Es vermittelt aber auch das Gefühl für eine Aufbruchsstimmung unter Frauen, die sich mit der Emanzipationsbewegung rund um die Einführung des Frauenwahlrechts 1919 trauten, in vielen Bereichen mehr Verantwortung und Macht einzufordern. Teda gehört noch zu der Generation, die sich ihren Wunsch nach einer qualifizierten künstlerischen Ausbildung nicht als Frau gleichberechtigt erfüllen kann, also geht sie einen anderen, nicht ganz legalen Weg. Es ist verblüffend, wie leichtfüßig es Autorin Simone Veenstra gelingt, derart mächtige Themen wie nebenbei in die Handlung einfließen zu lassen, ohne dass auch nur der Ansatz eines erhobenen Zeigefingers durchscheint. Im Gegenteil: die Handlung um Teda, die sich ihr Studium durch allabendliches LIve-Porträtzeichnen in einem Kabarett finanziert, hat mich geradezu eingesogen, so dass ich mir mehrfach gewünscht habe, trotz des nicht gerade schmalen Umfangs von „Unverblümt im Sommerwind“, ich könnte noch mehr über Tedas ziemlich schillerndes Leben erfahren.
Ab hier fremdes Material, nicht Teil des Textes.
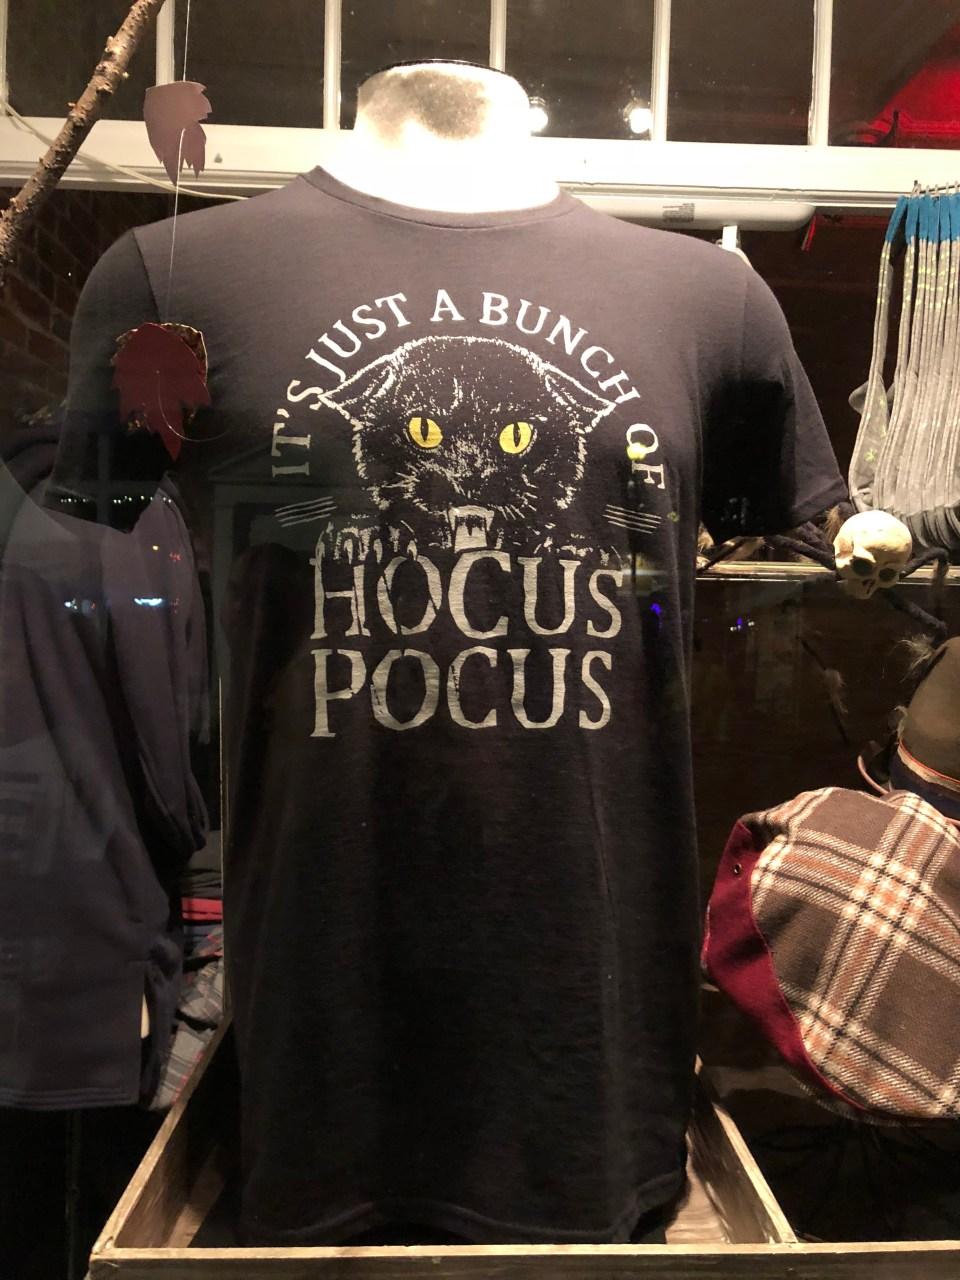 Hocus Pocus TShirt - Salem
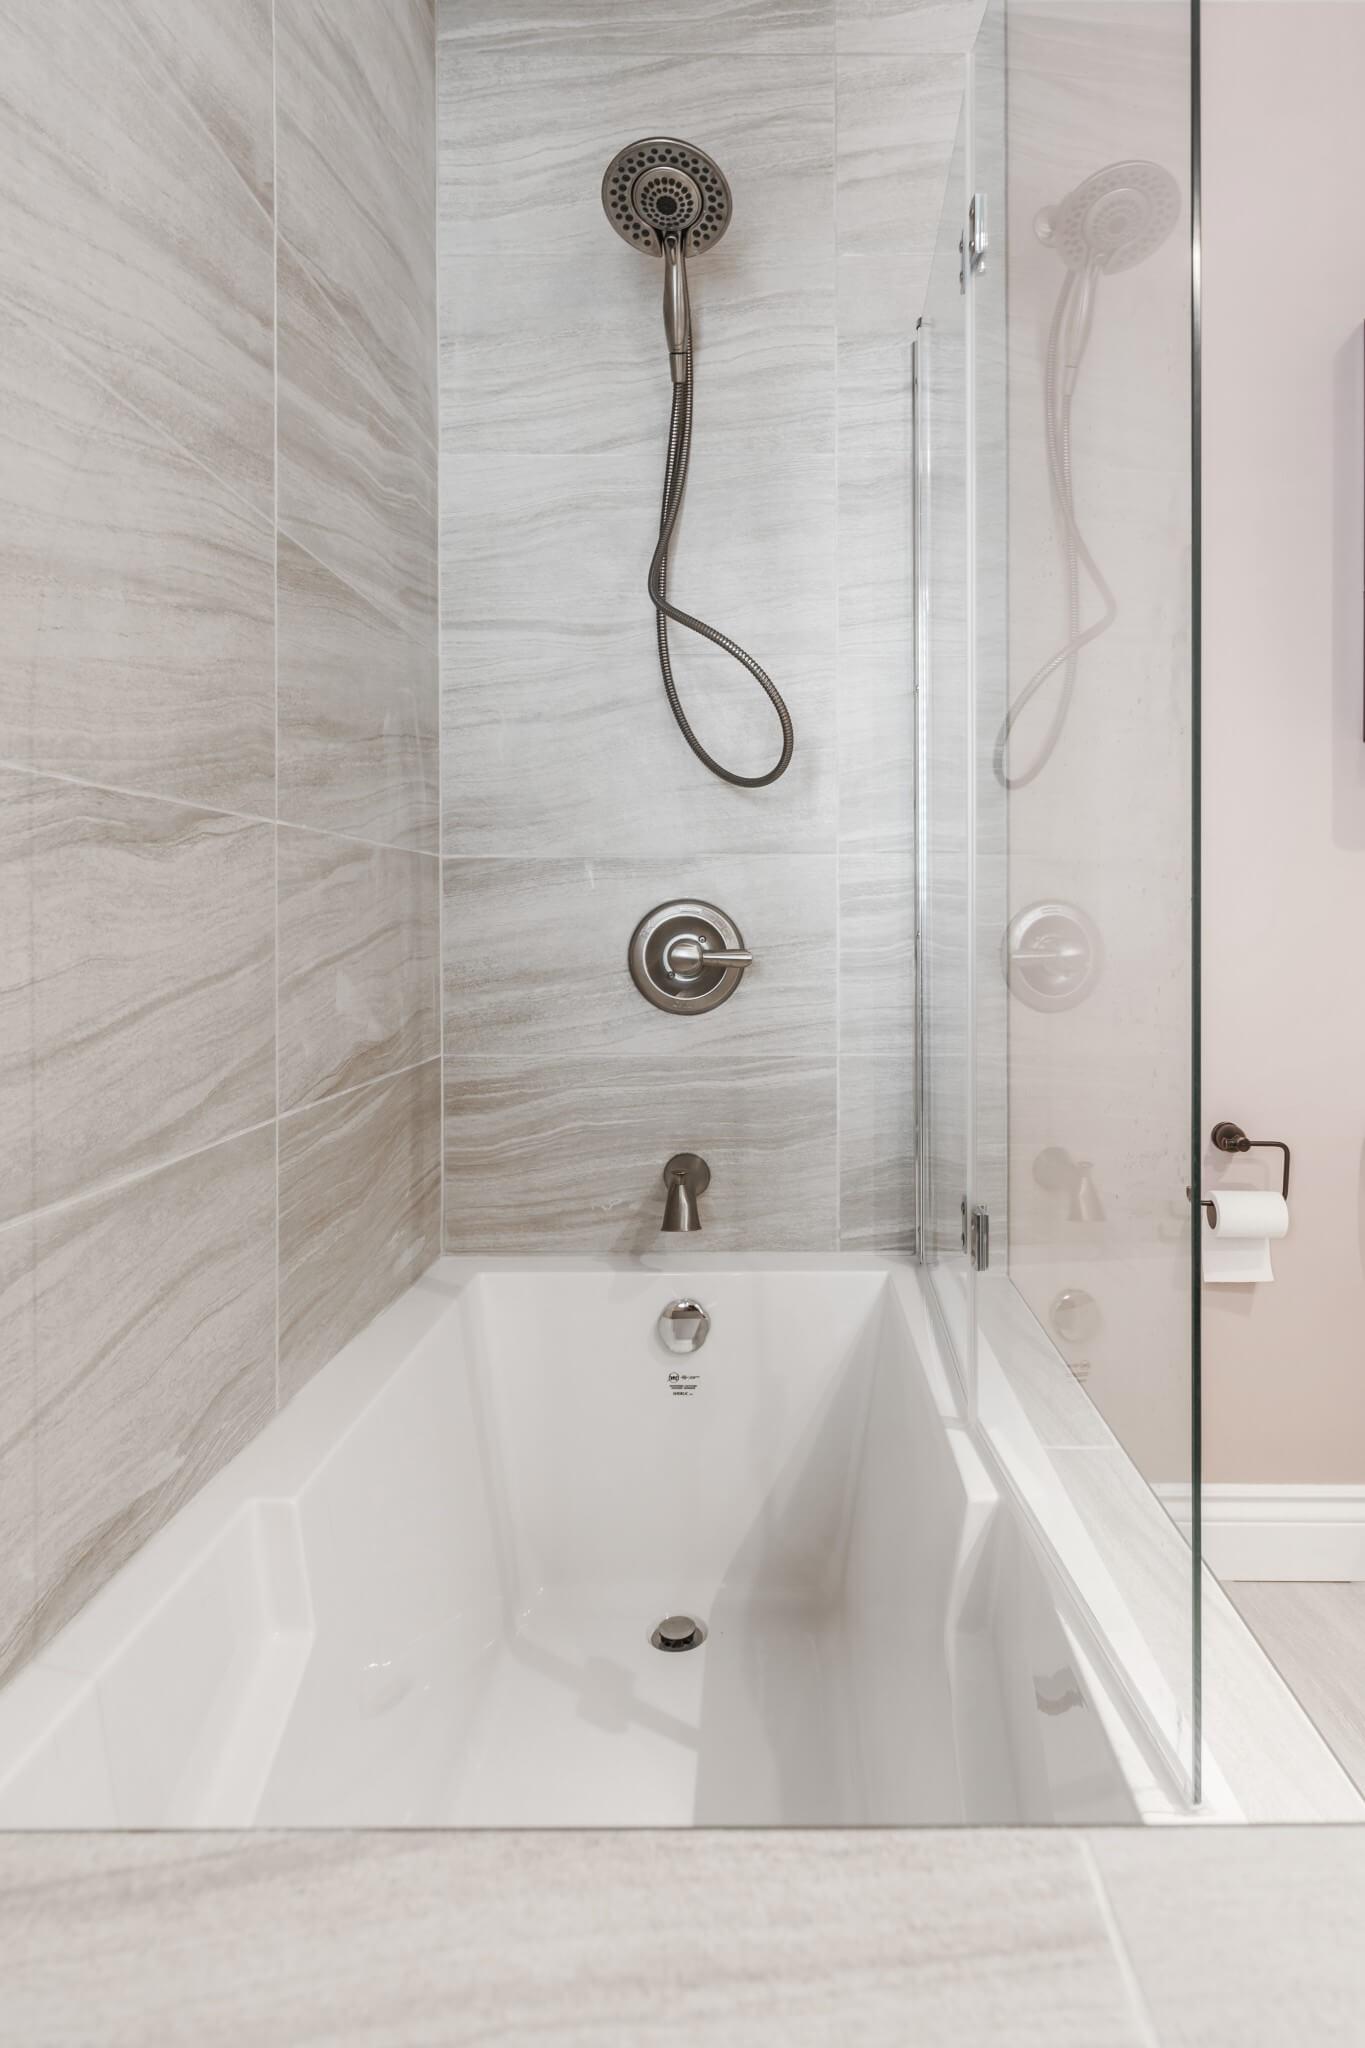 douche de salle de bain classique

Es wird derart spannend geschildert, dass die Autorin ein eigenes Buch (wenn nicht gar ein mehrteiliges historisches Werk) daraus hätte bauen können, ohne dass es auch nur eine Sekunde gelangweilt hätte.
Neben den Einblicken in Tedas schillernde Kabarettwelt der Weimarer Zeit, die Künstlerinnen und Künstler, Schwule und Lesben, aufstrebende Filmsternchen, engagierte Kämpferinnen gegen Armut und Hunger und prügelsüchtige Nazis mit leichter Hand skizziert, alles in der Halbwelt der Amüsierviertel von Berlin angesiedelt, die aus Romanen der Zeit und Geschichtsbüchern so verlockend von den Seiten winkt, gibt es natürlich auch die eine oder andere Liebesgeschichte. Tedas Enkeltochter Maren muss ja irgendwie in die Welt gelangen. Und auch zwischen Judith und Ben scheint es zu funken – ob da was geht zwischen diesen beiden schwierigen und vom Leben verletzten Charakteren? Findet es selbst heraus!
Mein Fazit: der Roman hat mich zu Tränen gerührt zurückgelassen, begeistert über die wunderbare Figurenzeichnung, die spannende Handlung, die ganz ohne Thrillerelemente trotzdem den Charakter eines Pageturners entfaltet, und absolut süchtig nach mehr – nach mehr Geschichten von Hund, Teda und Judith! 500 Seiten finde ich lange nicht genug. Das schafft „Unverblümt im Sommerwind“ übrigens – trotz des etwas kitschigen Titels – ganz ohne in Kitsch oder Schmalz abzudriften. Für mich schon jetzt die Sommerlektüre des Jahres 2020.